Background: To analyze the characteristics and survival patterns of patients with head and neck squamous cell carcinoma (SCC) who received palliative treatment during their first course of treatment.
Methods: Cohort analysis utilizing the National Cancer Data Base (NCDB) of patients with a diagnosis of oral cavity/oropharyngeal, hypopharyngeal, and laryngeal SCC. Statistical analysis included multivariate logistic regression and Cox Hazard ratio modeling, and Kaplan-Meier survival analysis.
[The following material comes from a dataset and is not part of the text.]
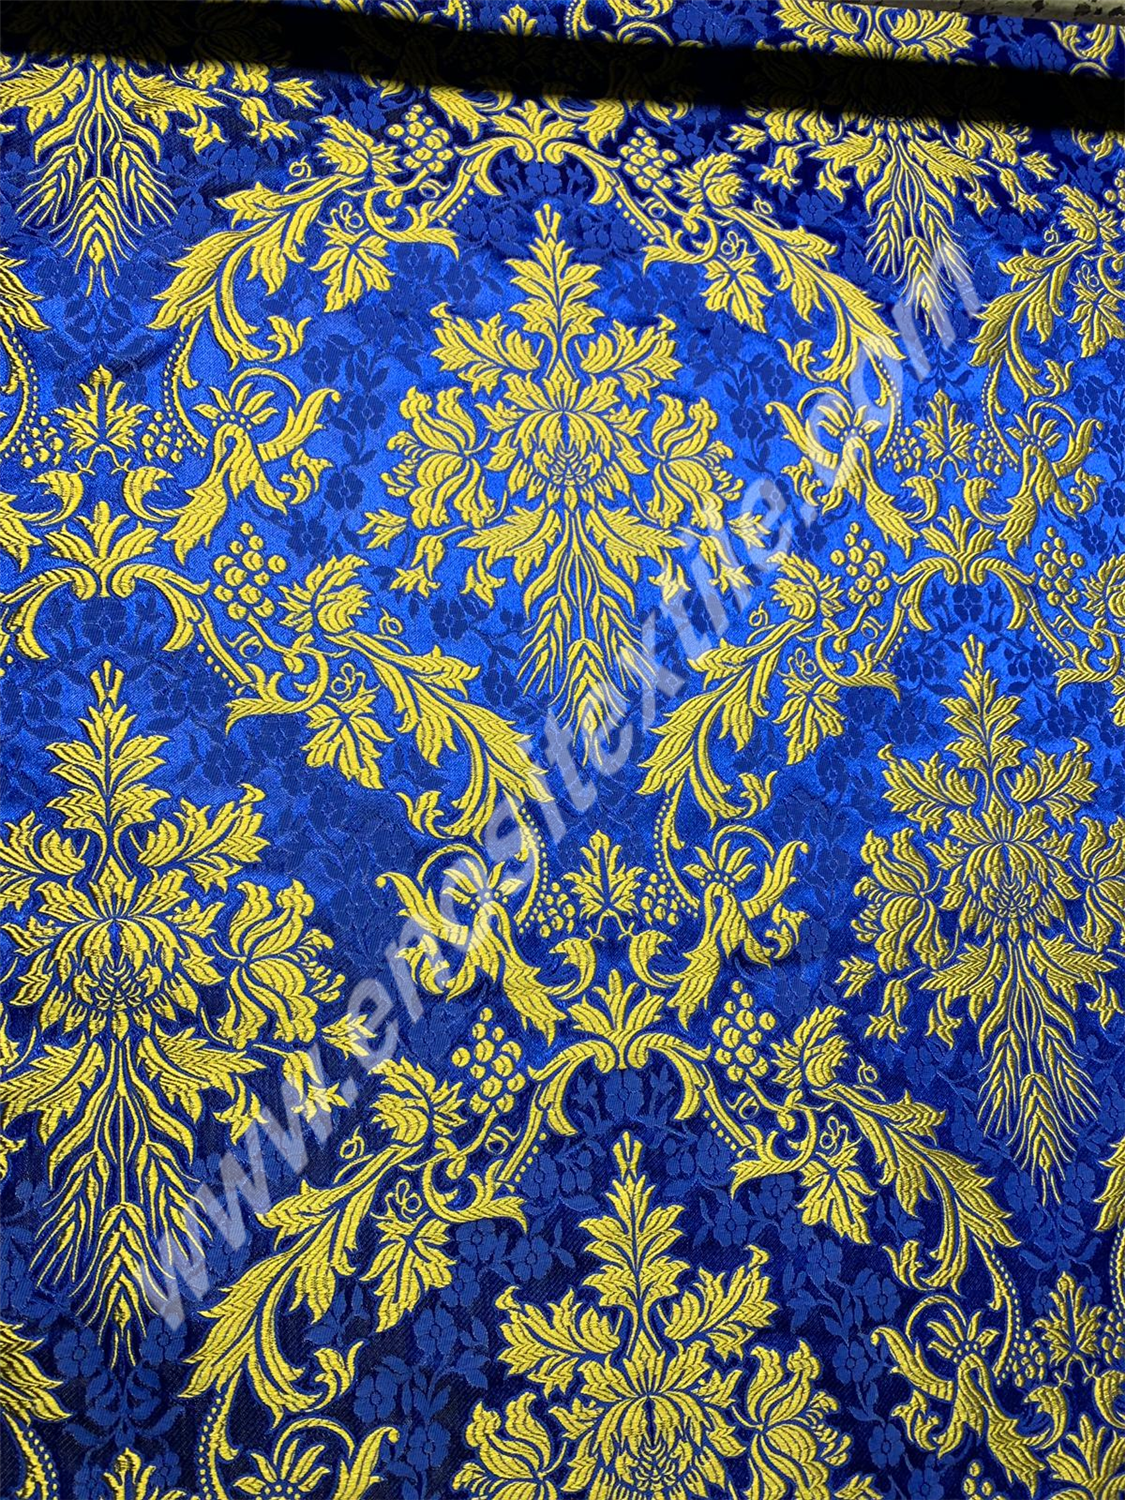 KL-079 Dark Blue-Gold Brocade Fabrics

Results: 165 081 patients were included, of which 2747 patients received palliative treatment. Patients who received palliative treatment tended to be ≥65 years old, black, Charlson/Deyo score ≥3, hypopharyngeal cancer, stage (III-IV), with Medicaid insurance (P < .05). Patients were more likely to be treated with palliative intent if they underwent chemotherapy/radiotherapy and declined surgery (P < .001) compared to patients who underwent surgery and declined chemotherapy/radiotherapy (P = .006).
Conclusions: Palliative care use in head and neck oncology is associated with older patients, non-whites, Medicaid patients, and nonsurgically treated patients.
Keywords: head and neck oncology; outcome studies; palliative care; squamous cell carcinoma; survival.